**WORK TASK:**
Only one stretch of the data should be retyped: the lines from the line containing "クロスカントリースキー OGASAKA c2" through the line containing "Design Plan Data Upgrade". Keep pictures out of it.

**RECORDED INFORMATION:**

········

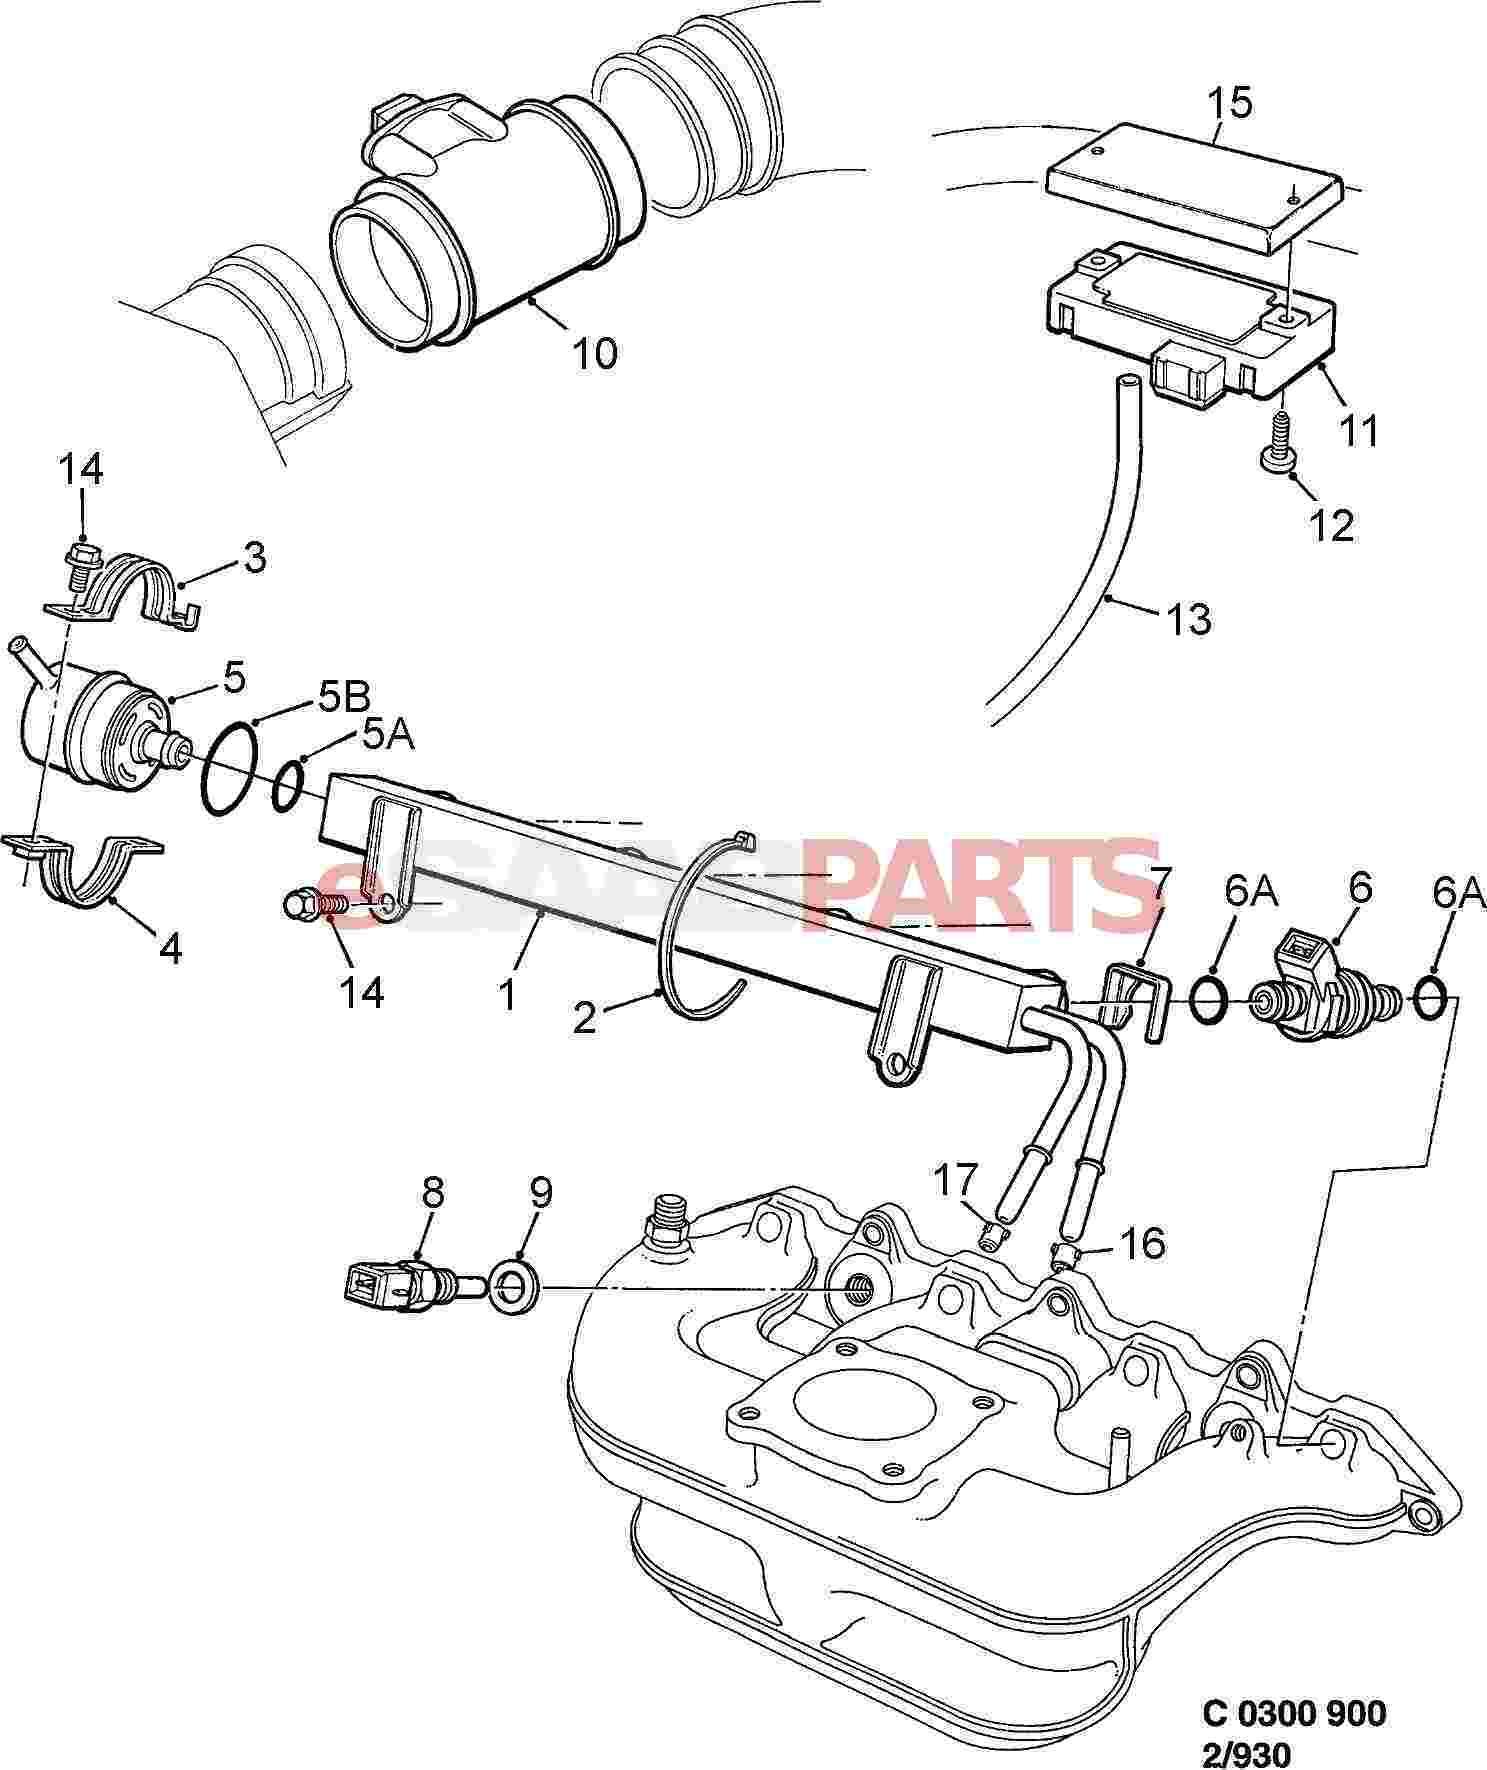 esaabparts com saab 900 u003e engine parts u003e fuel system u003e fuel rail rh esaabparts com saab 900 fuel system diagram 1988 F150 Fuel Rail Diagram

········

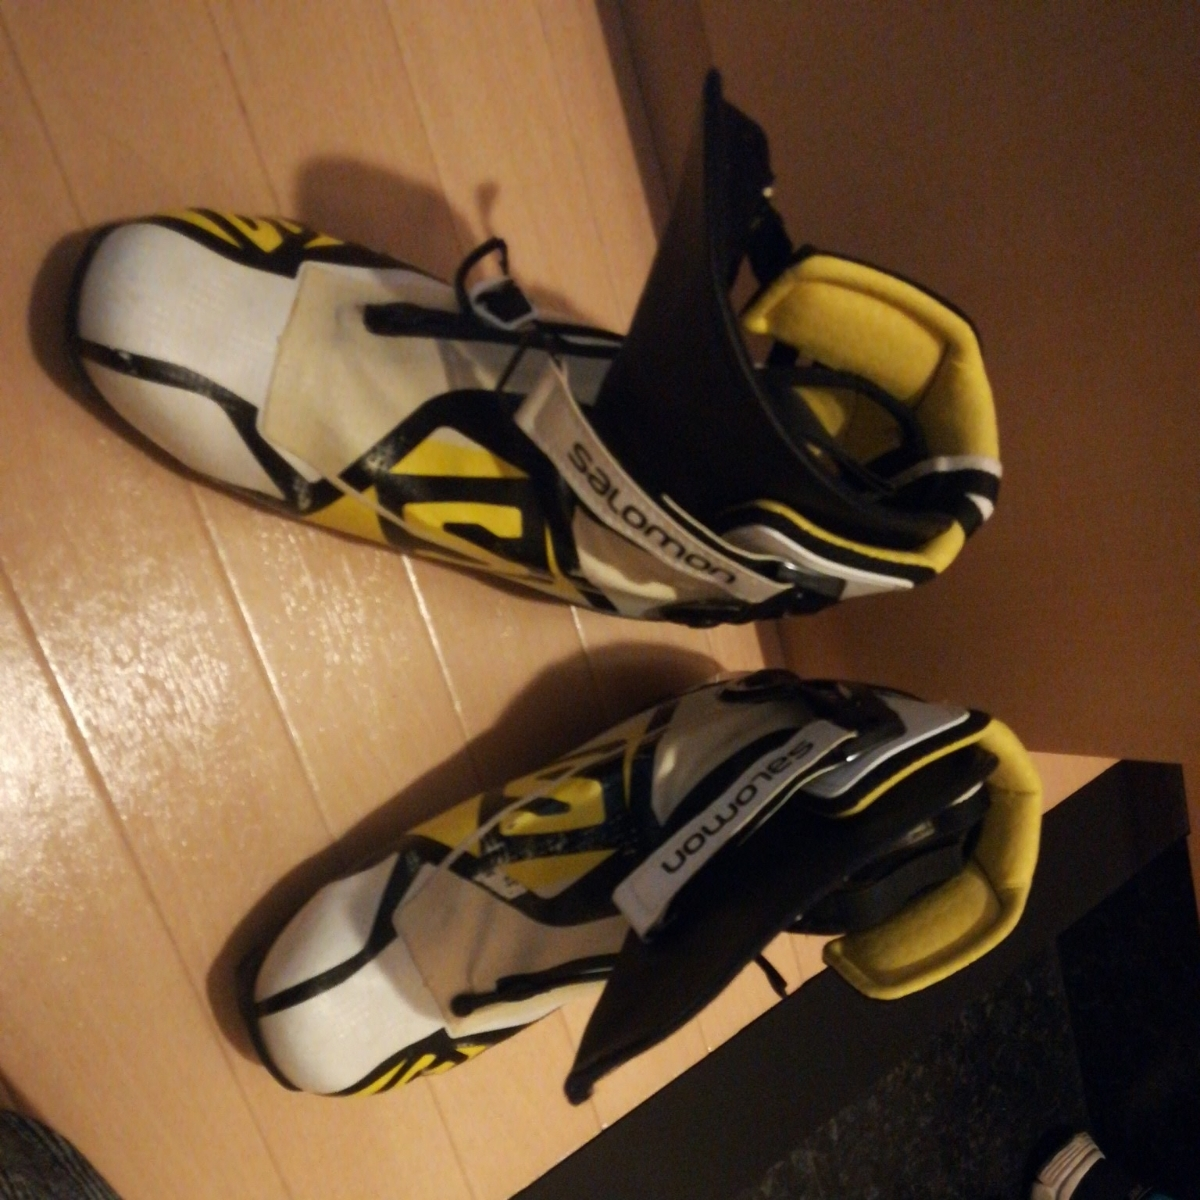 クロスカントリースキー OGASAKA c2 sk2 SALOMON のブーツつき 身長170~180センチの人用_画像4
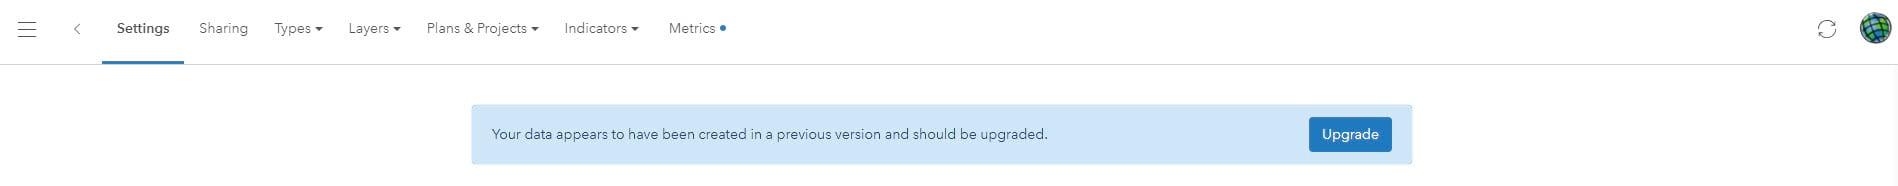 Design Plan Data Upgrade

········

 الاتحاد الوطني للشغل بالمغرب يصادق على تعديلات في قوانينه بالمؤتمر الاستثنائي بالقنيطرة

········

**WRITTEN SOLUTION:**
 クロスカントリースキー OGASAKA c2 sk2 SALOMON のブーツつき 身長170~180センチの人用_画像4
 Design Plan Data Upgrade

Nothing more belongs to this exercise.